What got me going on this article was a question from a friend who asked, "Do you spell seviche with an 's'?" when we were chatting about that dish that we both adore. She spelled it ceviche and I spelled it seviche. They're both correct and so is cebiche and I happen to think that all of them are corruptions of escabeche (which itself has myriad spellings and corruptions). Language is crazily fluid and cannot be corralled and who cares anyway as long as we understand one another?
But this is all an aside for the real idea behind this post. I think most of us foodies are familiar with this dish, raw fish marinated in citrus. Most references state that the citrus "cooks" the fish, with cooks always in quotes (from the epicurious.com food dictionary: The action of the acid in the lime juice "cooks" the fish, thereby firming the flesh and turning it opaque). This got me pondering about cooked versus raw, the very semantics of two states that we take very much for granted. Or to ask it in a more straightforward manner, what does it mean for something to be cooked?
This leads to many other questions such as "Does the transformation from the raw state necessarily imply the application of heat?" Gee, I'm a professional chef and somewhat of a language pedant and I haven't a clue. So I set about finding an answer, as if such a fundamental question can have but a single answer.
But before I move on, let me just limit this discussion to the physical transformation that happens when food changes state from what we call raw to what we call cooked. The subject would otherwise be fairly boundless. If you don't believe me, ask yourself the following questions:
Am I cooking when I remove heat from sweetened cream and make ice cream?

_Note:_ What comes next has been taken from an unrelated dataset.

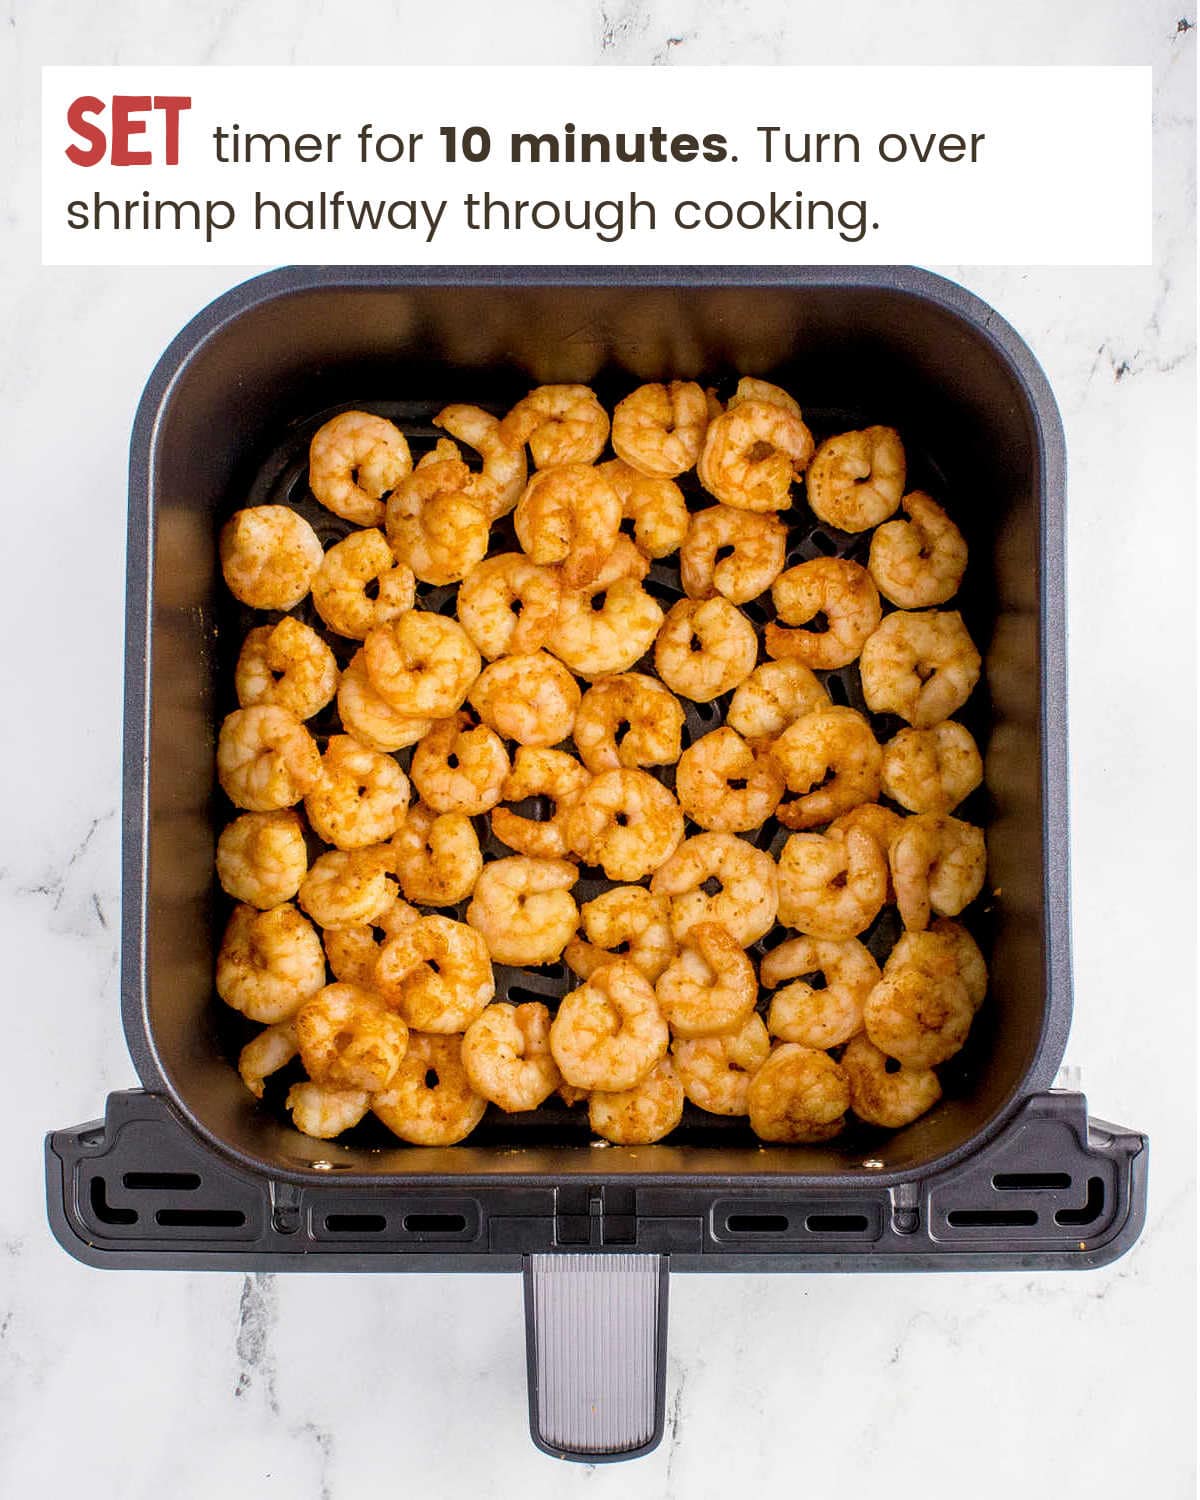 A cooked shrimp in an air fryer.

Am I cooking when I whisk together oil and vinegar in that emulsion that we call a vinaigrette?
Am I cooking when I salt sliced raw cabbage and leave it at room temperature so that it undergoes lactic acid fermentation and becomes sauerkraut?
First stop, a few dictionaries of the English language. The majority such as the compact OED are fairly abolute: cooking is preparing food for consumption by application of heat. A few others such as Merriam-Webster, no doubt wanting to avoid absolutist traps, give more grey definitions along the lines of cooking is preparing for consumption especially by application of heat. Hmmm. A lot of leeway here.
So I decided to consult my well read copy of Harold McGee's On Food and Cooking which generally has the answer to most of my questions culinary. And what did I see in his discussion of seviche but the quotes around the verb cook? Subsequent reading in McGee leads me to understand that the acid in citrus denatures (breaks down) proteins in a way similar to what happens when you apply heat to those same proteins. But it also clear that because of the lack of heat, no Maillard reactions happen and those reactions produce the browning and flavors that we associate with being cooked.
So I am back to square one. I don't know if seviche is raw or cooked or in some hybrid state. But I do know that I love it and that it's just the perfect summertime dish. Here's a recipe that I devised after one that a Mexican prep cook made for me once upon a time. The thing that I took from him was the celery, sliced crosswise into kidney shapes,which adds great texture to the dish. The tequila is my own thing. I make this from scraps of flounder when we are running flounder as an entrée. Any mild white fish will do nicely.
Three Citrus Tequila Flounder Seviche
3 cups diced flounder, about 1 pound
½ teaspoon salt
¼ teaspoon black pepper
½ teaspoon toasted and ground cumin
¼ teaspoon red pepper flakes
1-½ tablespoons guajillo chile paste*
½ medium red onion, minced
2 green onions, sliced
1 large celery stalk, sliced crosswise into kidney shapes
2 cloves garlic, minced
Zest of one blood orange (or regular orange)
Zest of one lime
Zest of one lemon
Juice of two blood oranges
Juice of two limes
Juice of one lemon
1 tablespoon extra virgin olive oil
1 tablespoon gold tequila
Mix all ingredients well and let marinate under refrigeration for at least two hours. Serve cold in a martini glass rimmed with cumin salt and garnished with blood orange.
*To make guajillo paste, reconstitute toasted and seeded dried guajillos in warm water until soft. Drain and blend with sufficient fresh water to make a paste. Pass through a strainer to remove any skin and seed bits.